Стауниц-Опперпут отверг обвинения в предательстве и расстрелах и в свою очередь обвинил Лубянку в том, что там пытаются его дискредитировать, чтобы замять его разоблачения. Он заявил, что "Трест" был создан в январе 1922 года ответственным сотрудником КРО Кияковским. "Основное назначение данной легенды было ввести в заблуждение иностранные штабы, вести борьбу с иностранным шпионажем и направлять деятельность антисоветских организаций в желательное для ГПУ русло… Благодаря легендам, настолько значительные суммы из ассигнованных штабами на разведку попадали в ГПУ, что таковые не только дали возможность существовать КРО ОГПУ на хозяйственных началах, но и уделять некоторые суммы дезинформационному центру Разведупра, которое фабриковало передаваемые иностранным штабам военные, политические и экономические осведомительного характера материалы"…

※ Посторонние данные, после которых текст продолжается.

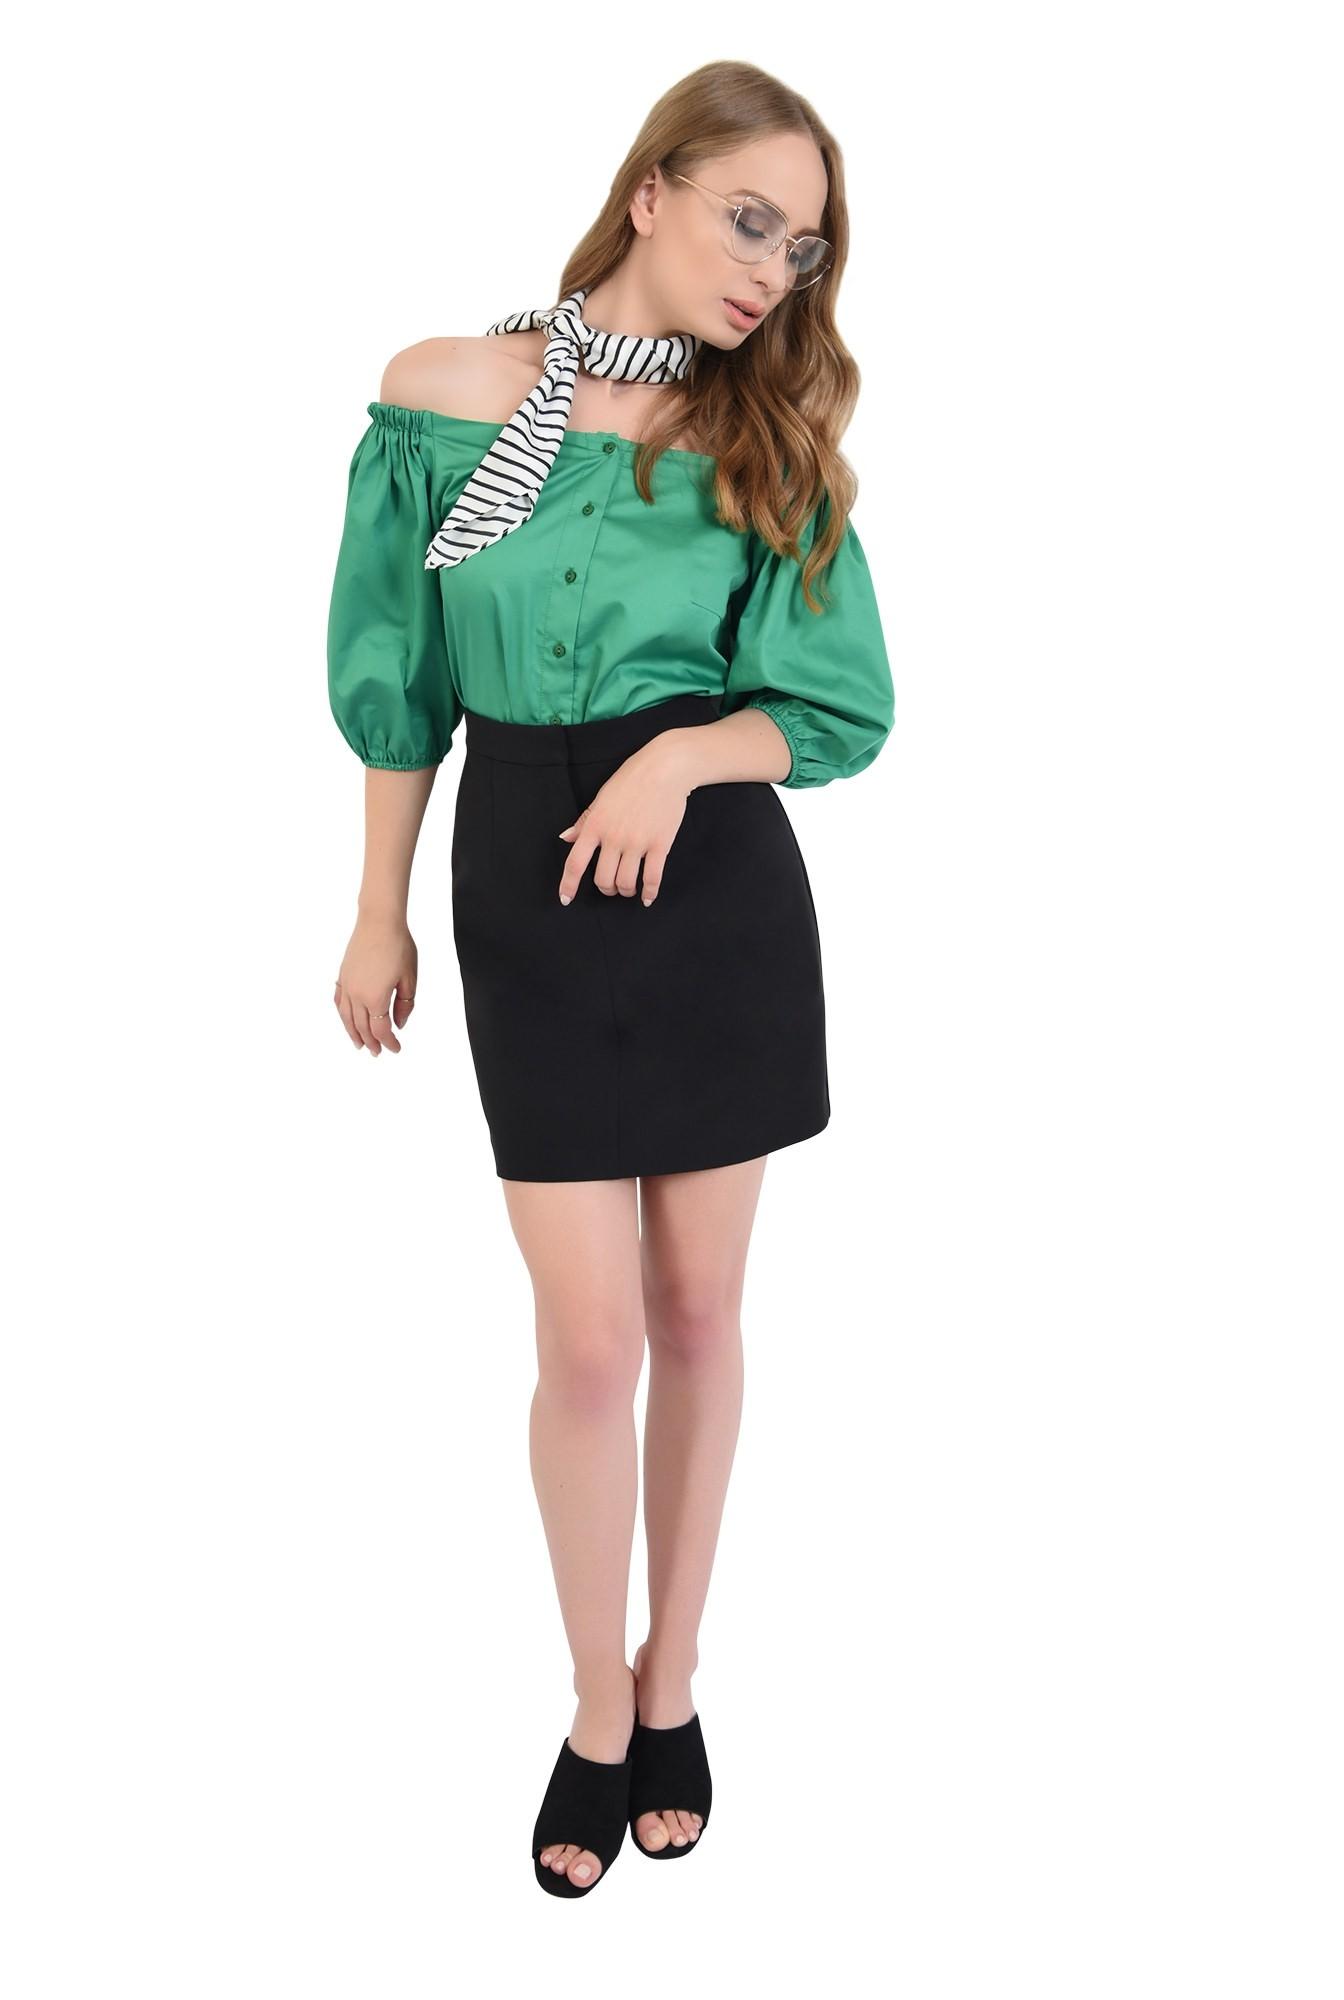 360 - bluza din bumbac, cu nasturi, verde, Poema

В записках перебежчика Стауница-Опперпута было столько поразительных сведений, что ему трудно было не поверить. Читая их, Кутепов испытывал бешенство и бесконечную горечь. Его обманули! Обманули, сыграв на самом душевном, что только есть у человека, — на его любви к родине. Ему приходила в голову обезоруживающая мысль: надо ли продолжать? На что надеяться, если у них нет ничего святого, если они всегда, когда будет выгодно, сменят обличье и обманут любого? Сегодня они выдают себя за русских патриотов, завтра предают православных, чтобы войти в доверие к Турции, послезавтра поднимают над пропастью андреевский флаг, чтобы заманить всех простодушных.

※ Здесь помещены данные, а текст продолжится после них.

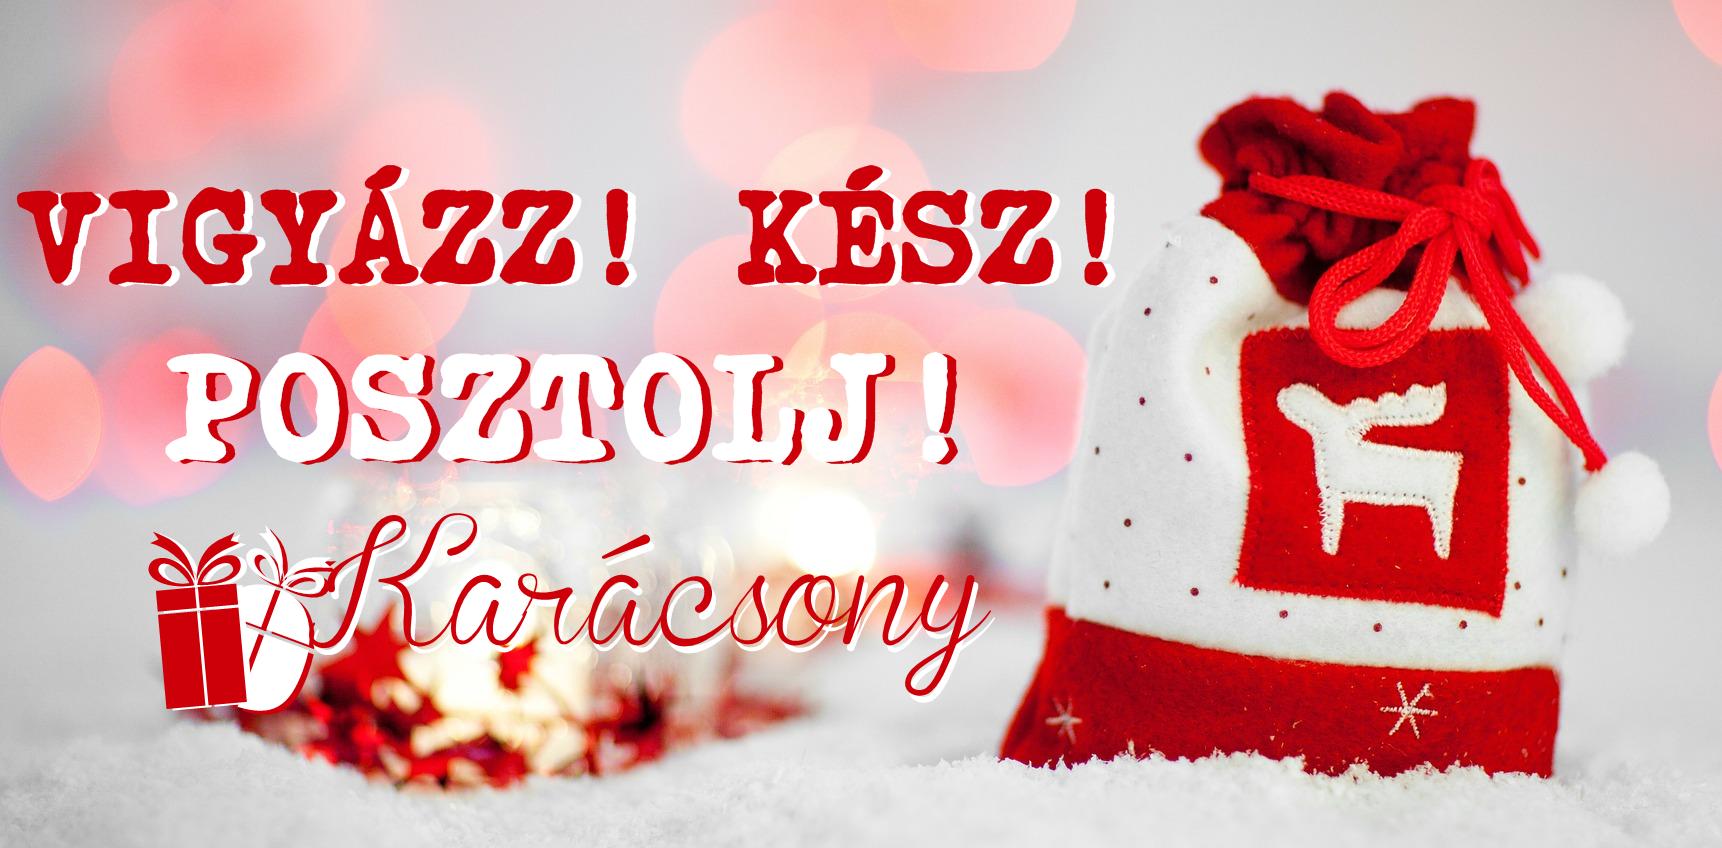 vkp_karacsony_hivatalos_kep.png

Когда он посылал своих людей в Россию, он верил, что там всегда найдется опора. Но где же она?
Раньше был православный царь и христианская держава, в которой ни одному народу не было тесно. Кутепов со своими молодыми офицерами надеялись, что русская душа сохранила память о прежних формах своей государственной жизни. Он понимал, что без народной памяти и государственной защиты душа исчезнет, превратится в оболочку любого "Треста", какой только ни создадут власть предержащие. И его охватывал ужас пострашнее того, испытанного на японской войне, когда он карабкался по скользкому склону сопки под ружейным огнем. Сейчас на него дохнула преисподняя.
Как быть?
В том жестоком апреле 1927 года Кутепов пишет в письме капитану Келлеру: "Генерал Витковский сейчас в Ницце в поисках работы… Генерал Туркул в Софии, живет, как и громадное большинство русских, в очень тяжелых материальных условиях, но отнюдь не падает духом…" (Разрядка наша. — Авт.)
В начале года в поле зрения Кутепова попала аналитическая работа "За нас ли время?", отложившаяся затем в его архив. Ее идеи он не мог не разделять. Более того, не исключено, что она и была написана в результате своеобразного социального заказа, идущего от генерала. Она отвечала на этот жгучий вопрос "Как быть?"
"Общие соображения. "Время работает в нашу пользу", — говорят многие противники большевиков.
Действительно, раз мы признаем, что коммунистический режим осужден историей и коммунистические принципы по меньшей мере вредоносны для здорового развития любого государства или народа — мы должны допустить, что в общем время работает против нынешних коммунистических владык России.